[Opening Provided data section]
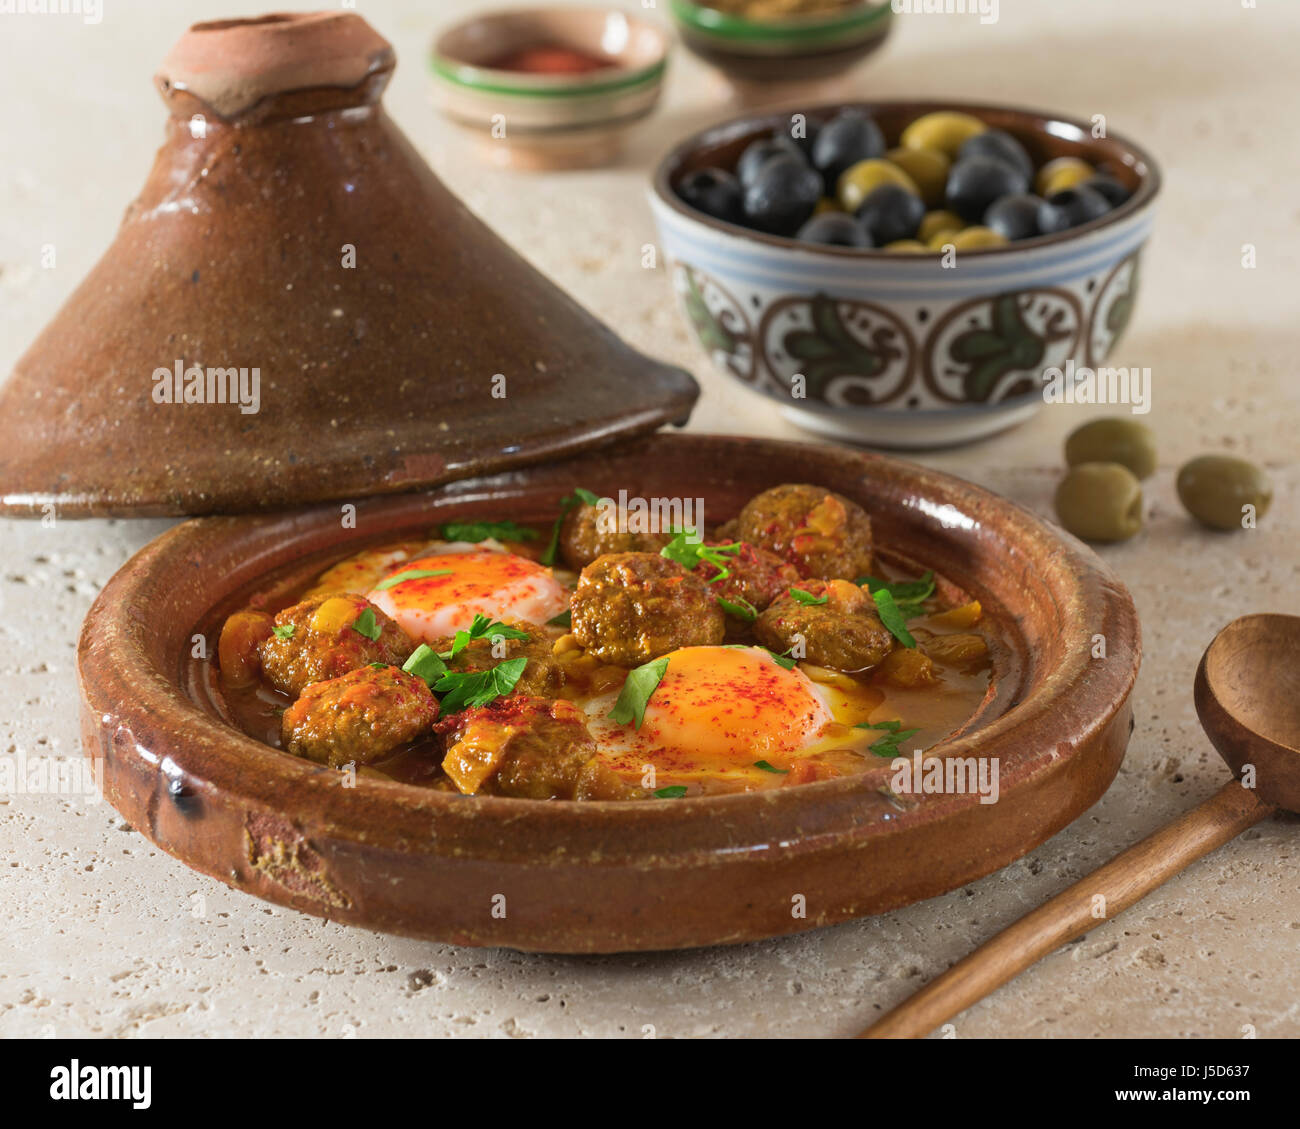 Kefta tagine. Spicy meatballs with eggs. Morocco Food Stock Photo
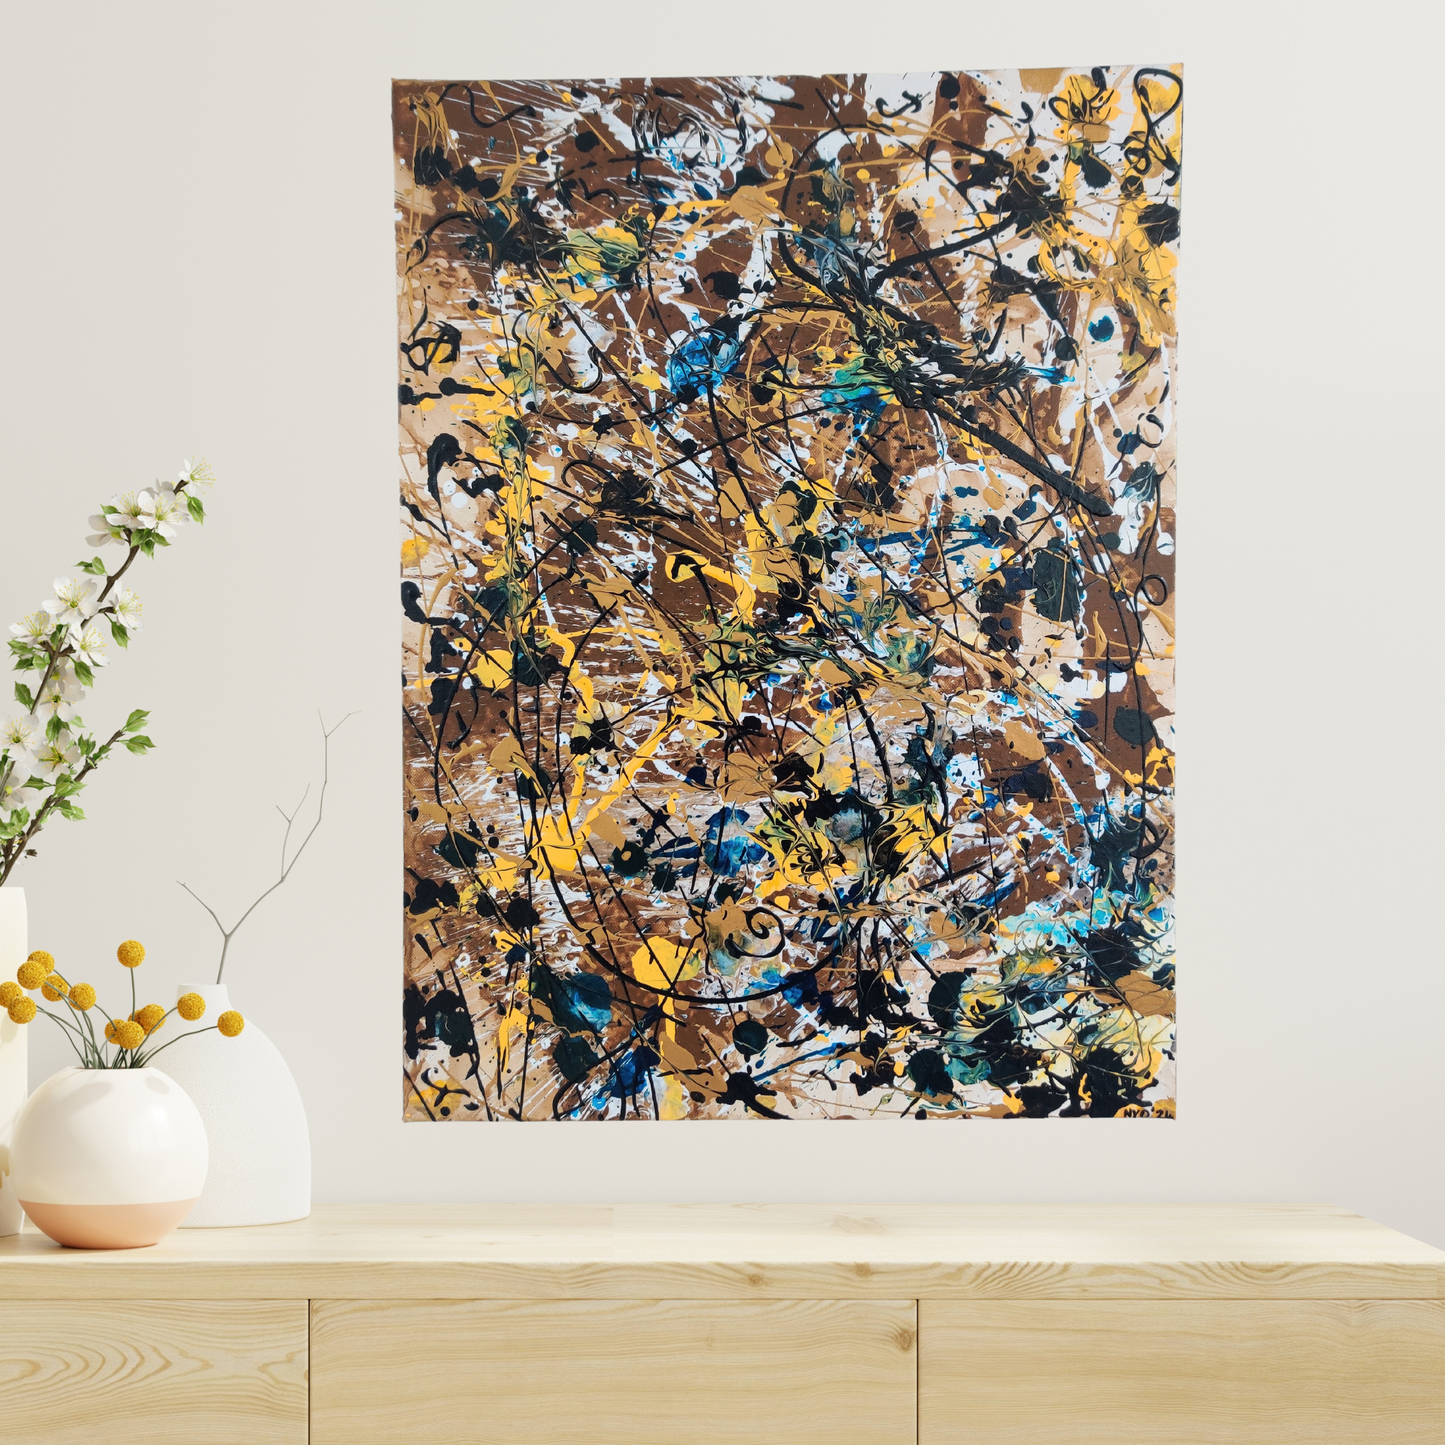 Buzzing Harmony Abstract Style Acrylic Painting on Canvas
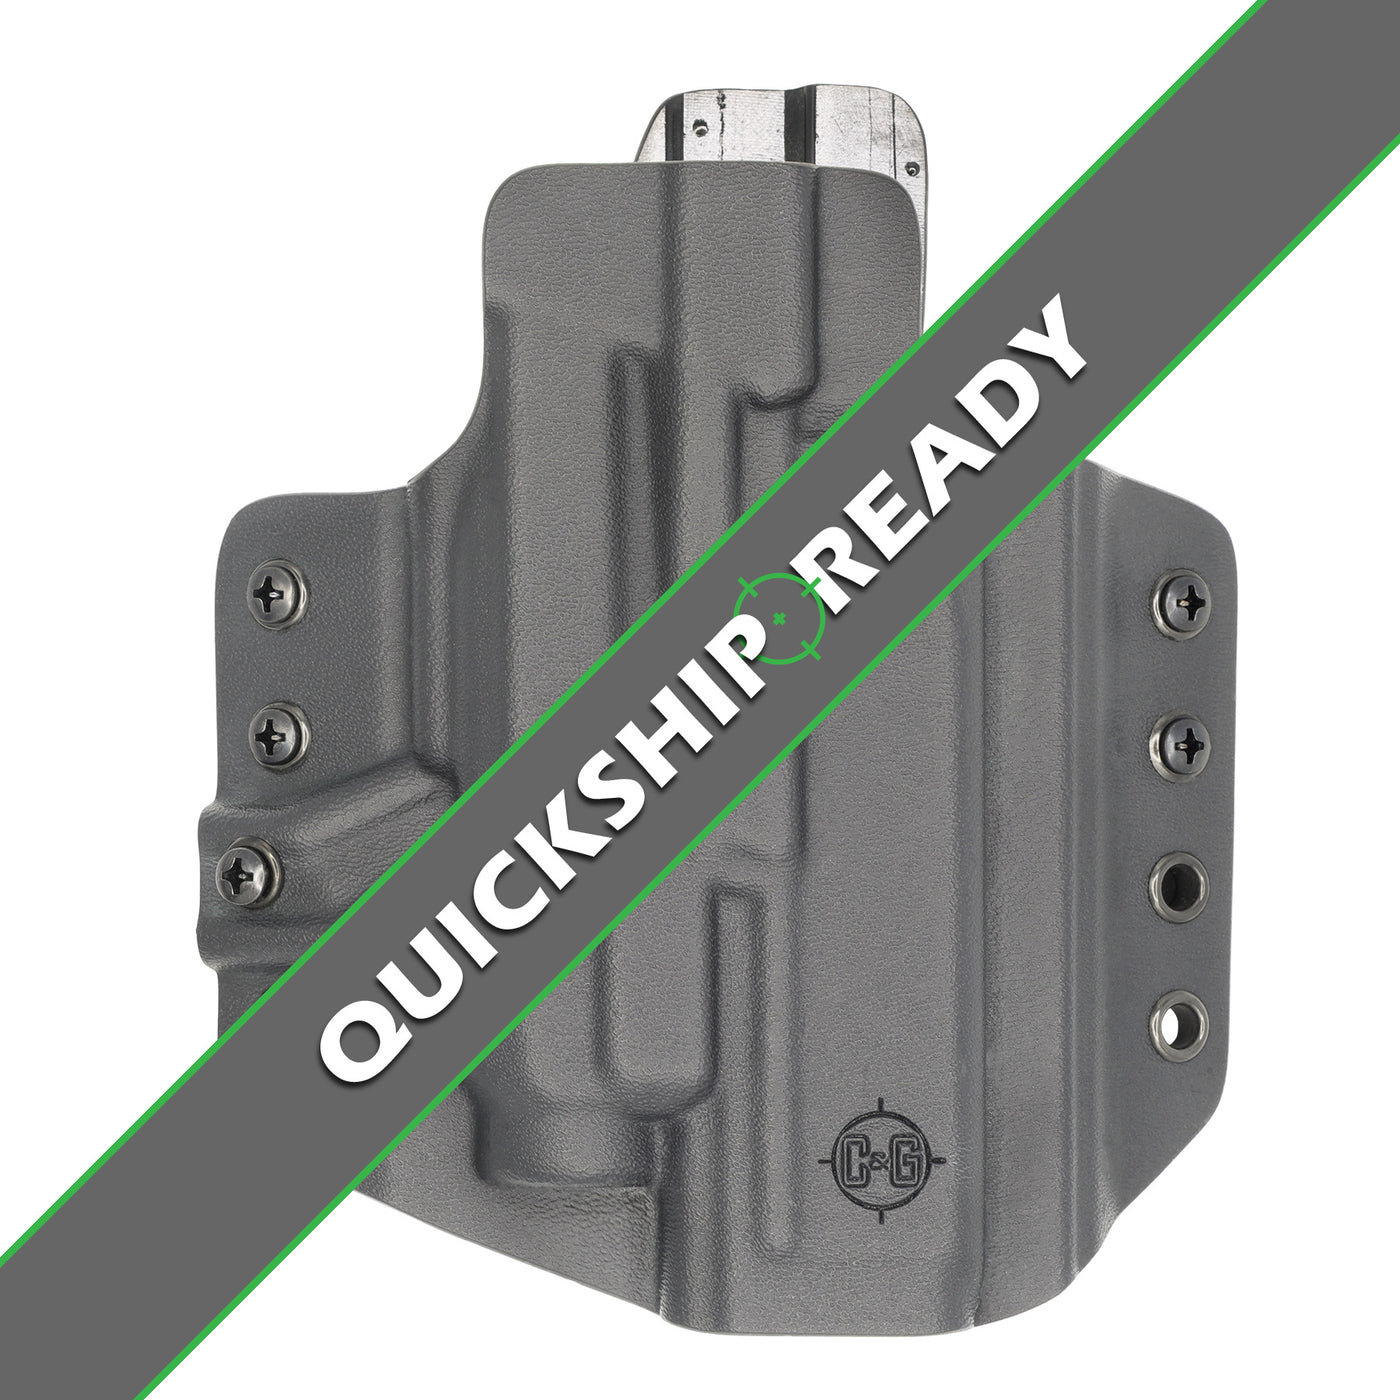 C&G Holsters quickship OWB Tactical Glock 20/21 streamlight TLR7/a
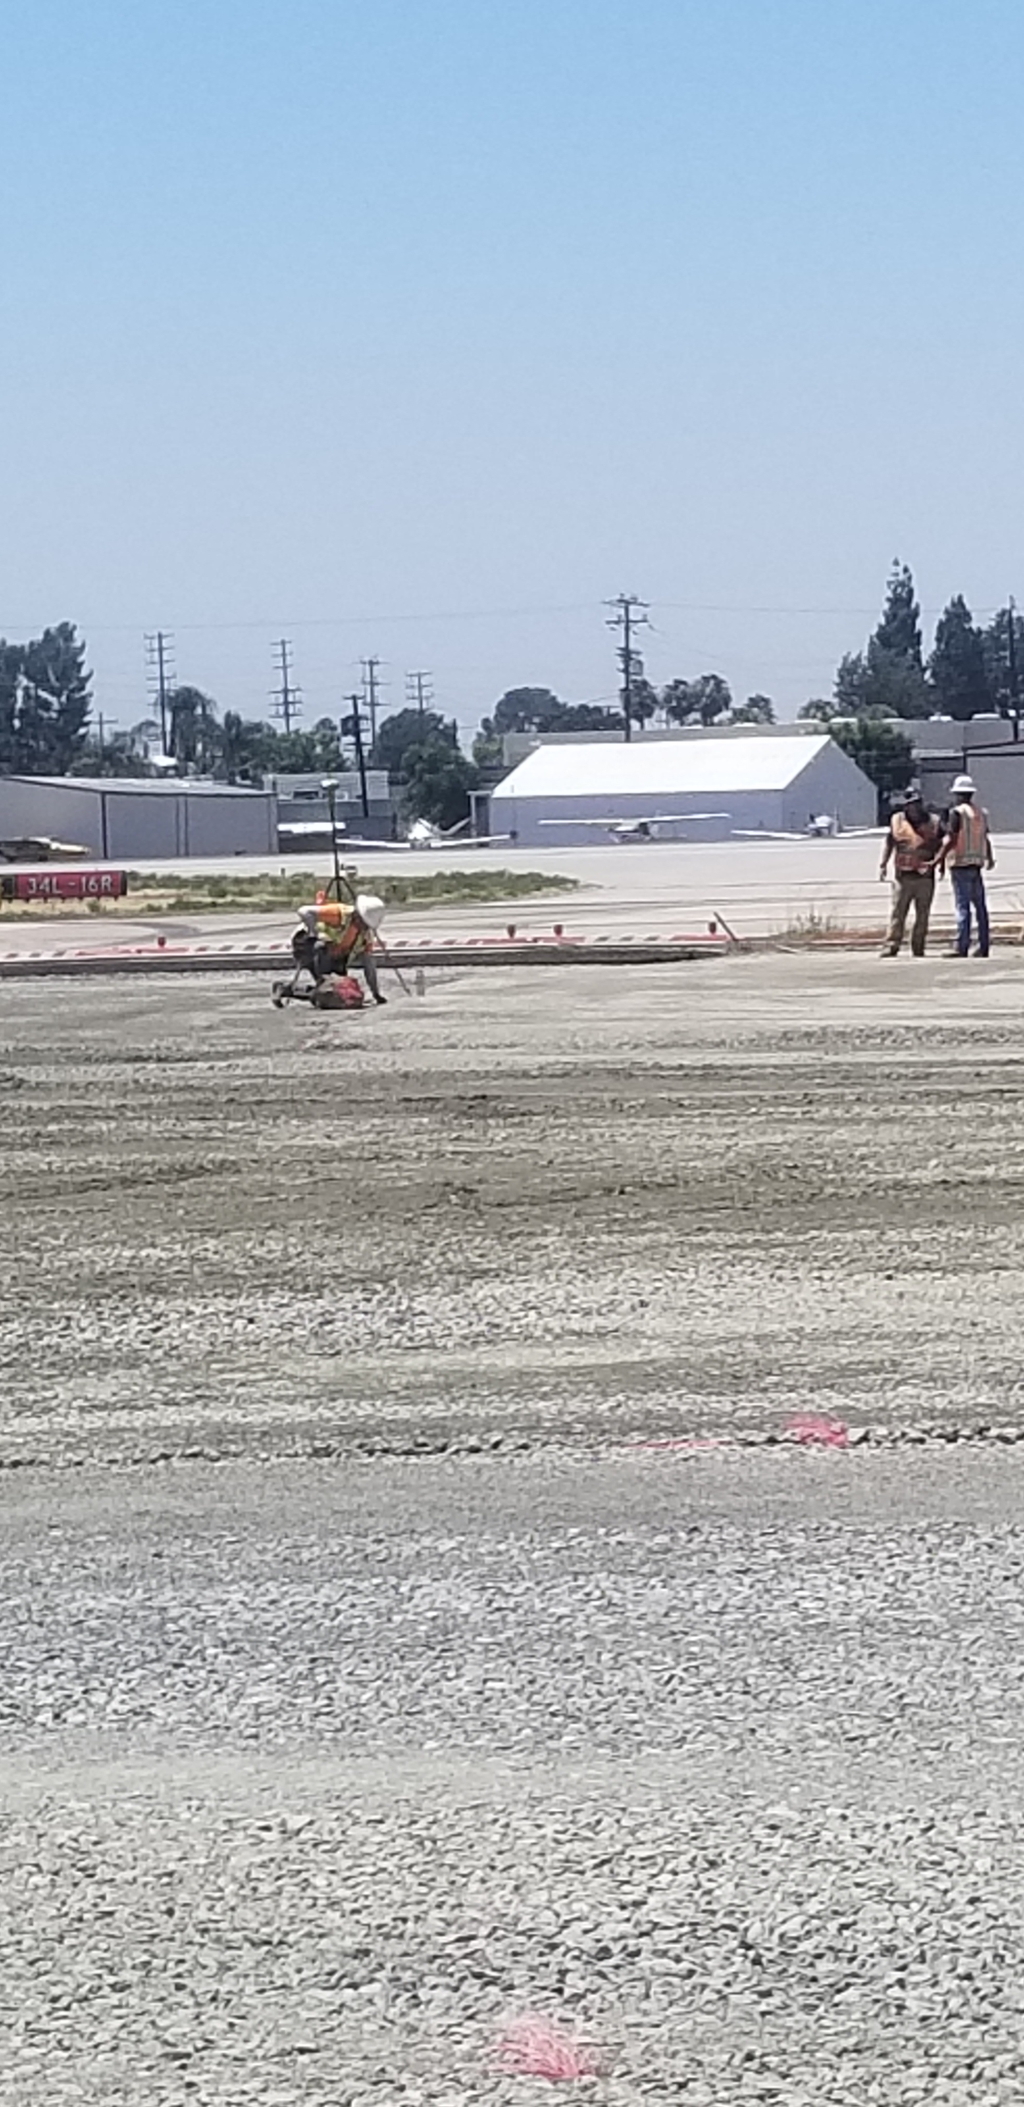 Taxiway B Project - Phase 6 - Week 6
[Closing Provided data section]
**Exercise instructions**
Print the listing exactly, pictures excluded.

**Answer to this exercise**
 Kefta tagine. Spicy meatballs with eggs. Morocco Food Stock Photo
 Buzzing Harmony Abstract Style Acrylic Painting on Canvas
 C&G Holsters quickship OWB Tactical Glock 20/21 streamlight TLR7/a
 Taxiway B Project - Phase 6 - Week 6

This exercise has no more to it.